Retype, exactly and with both ends included, the lines below from the one containing "ヒールアルファベットに慣れDr.Formula フコキサンチン(テレビで話題の希少成分) 30日分" through the end; omit the pictures.

→ **Given data**:
────────────────────────────────────────

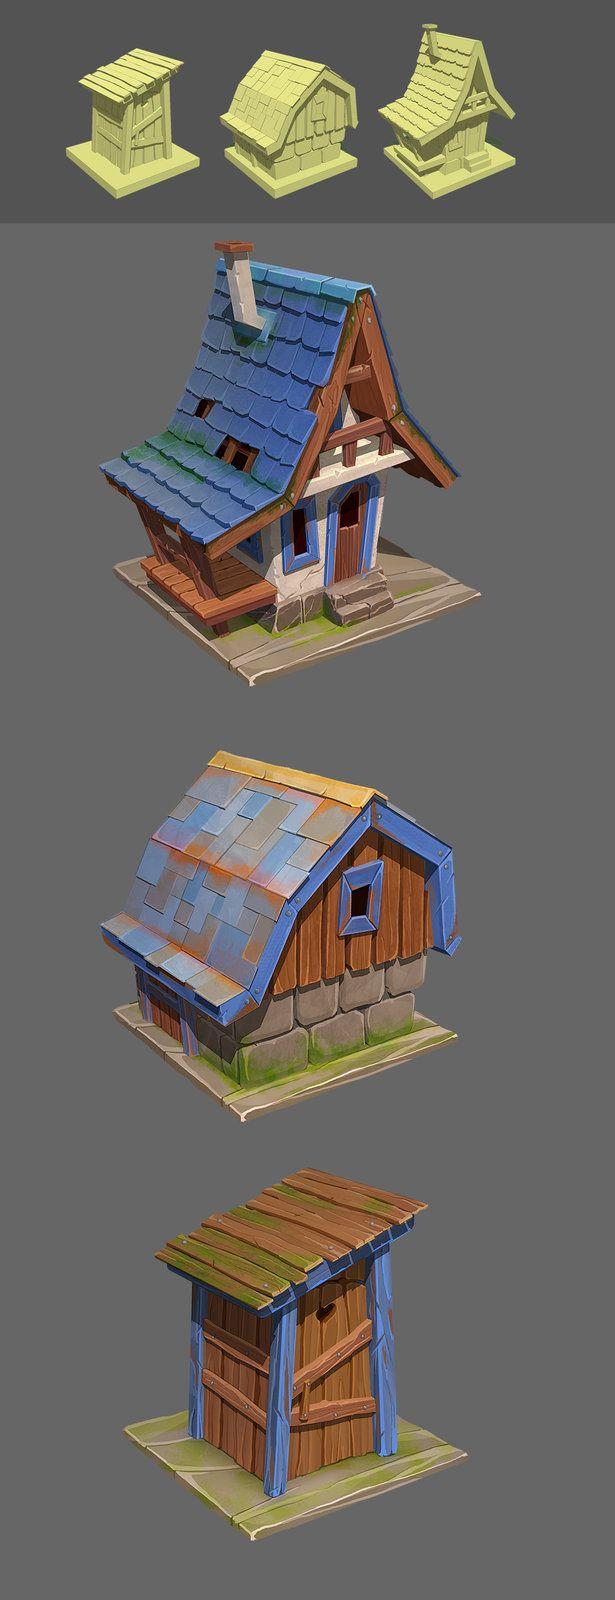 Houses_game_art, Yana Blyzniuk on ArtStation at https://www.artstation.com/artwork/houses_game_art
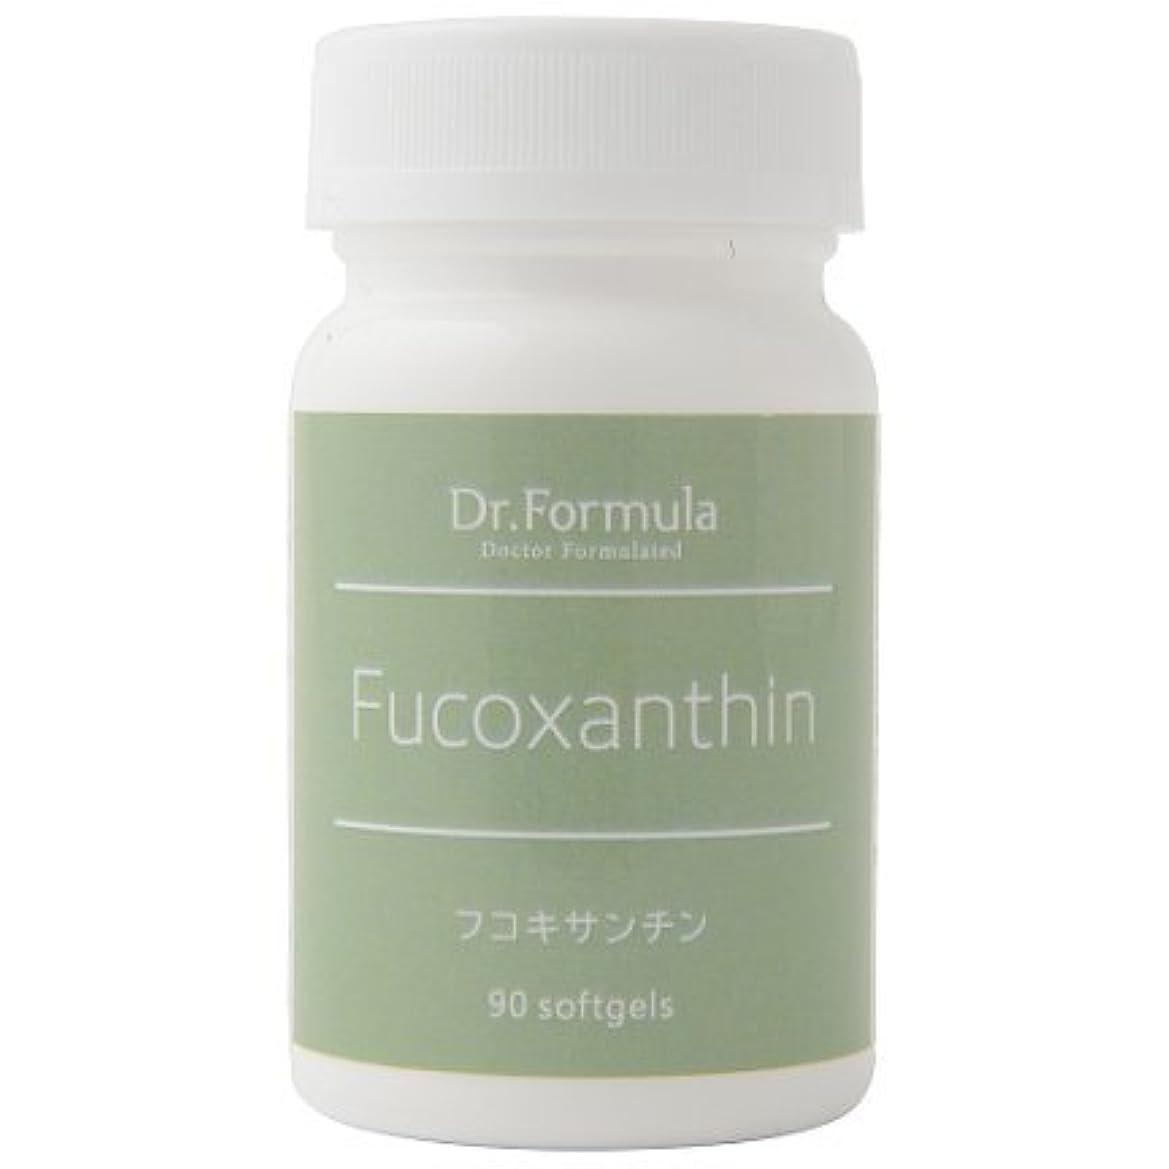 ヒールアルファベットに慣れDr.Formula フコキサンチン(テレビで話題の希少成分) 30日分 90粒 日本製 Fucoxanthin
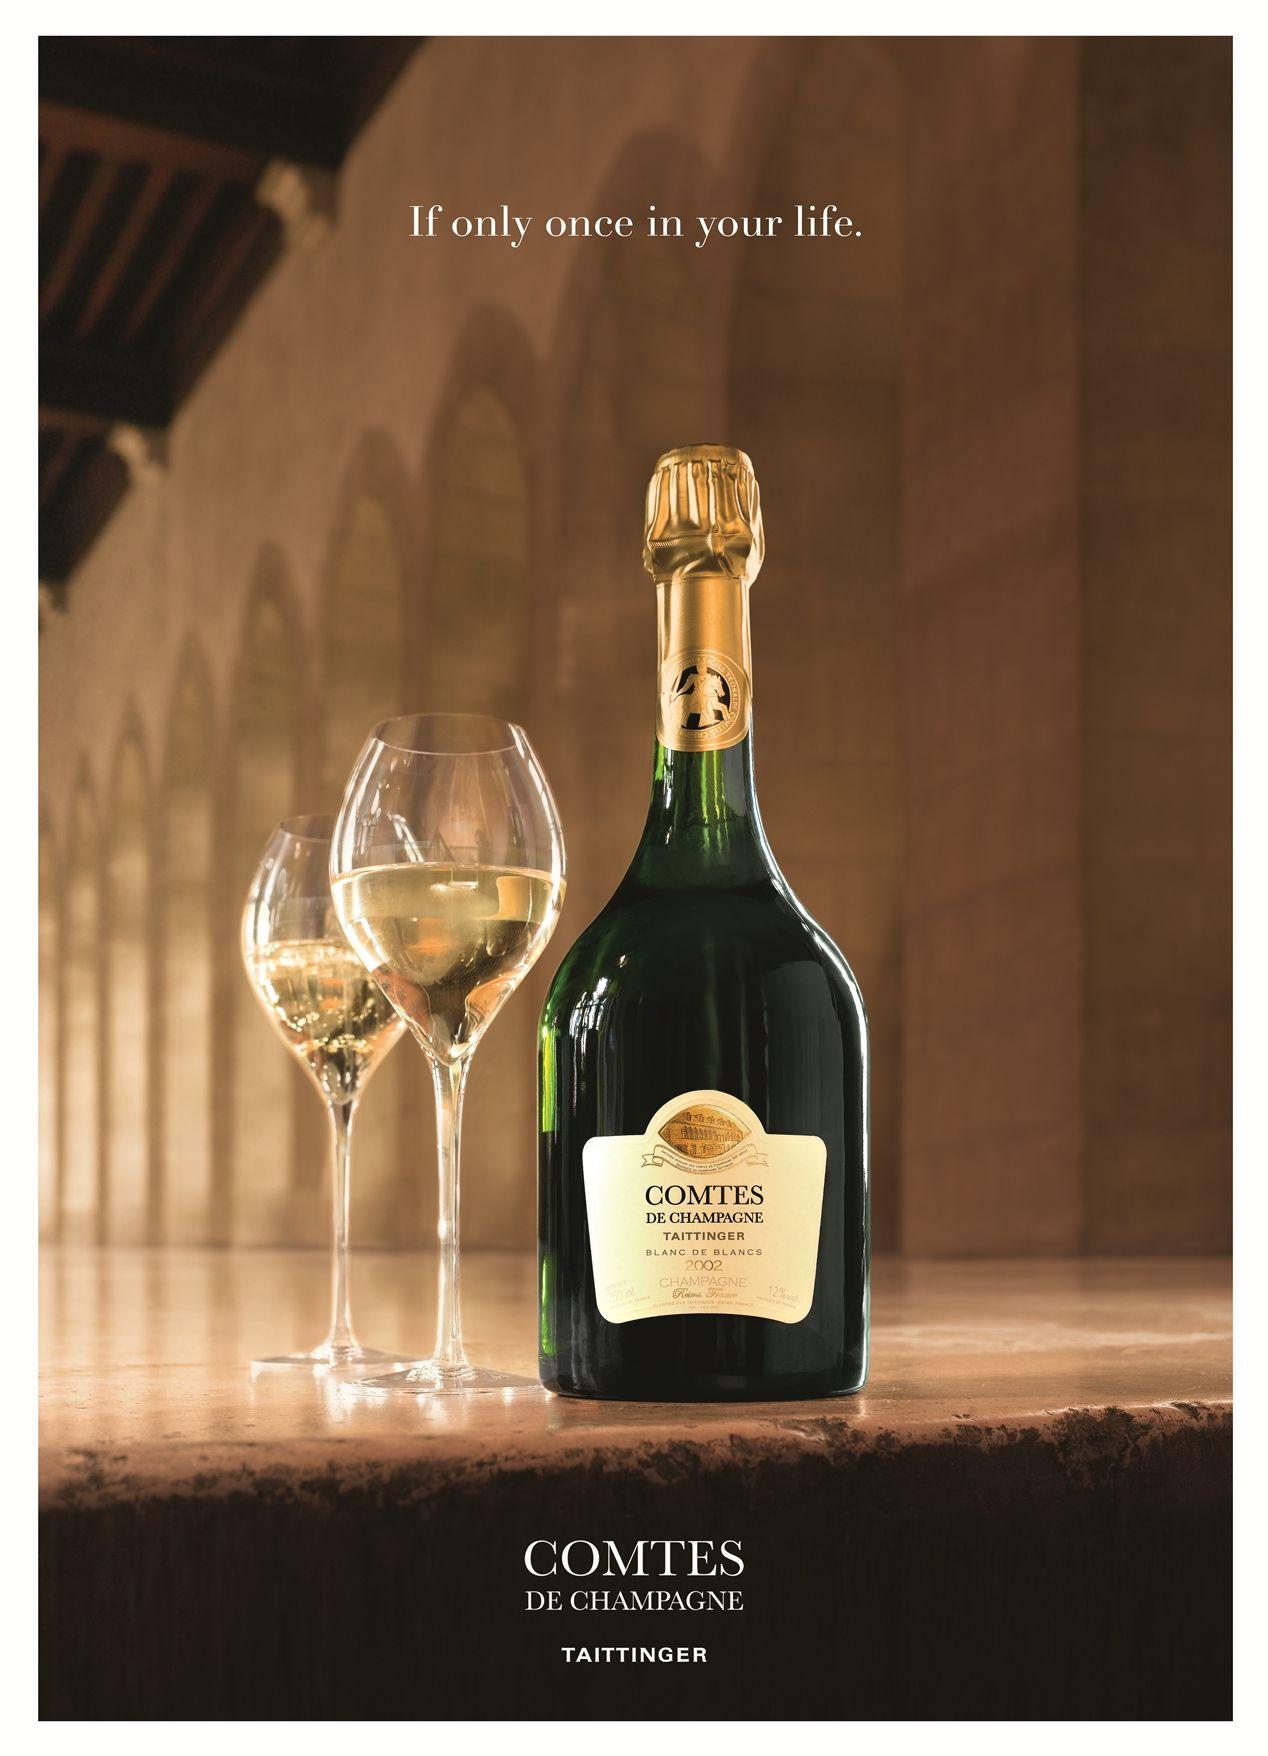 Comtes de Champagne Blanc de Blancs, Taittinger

────────────────────────────────────────

→ **Solution for this exercise**:
 ヒールアルファベットに慣れDr.Formula フコキサンチン(テレビで話題の希少成分) 30日分 90粒 日本製 Fucoxanthin
 Comtes de Champagne Blanc de Blancs, Taittinger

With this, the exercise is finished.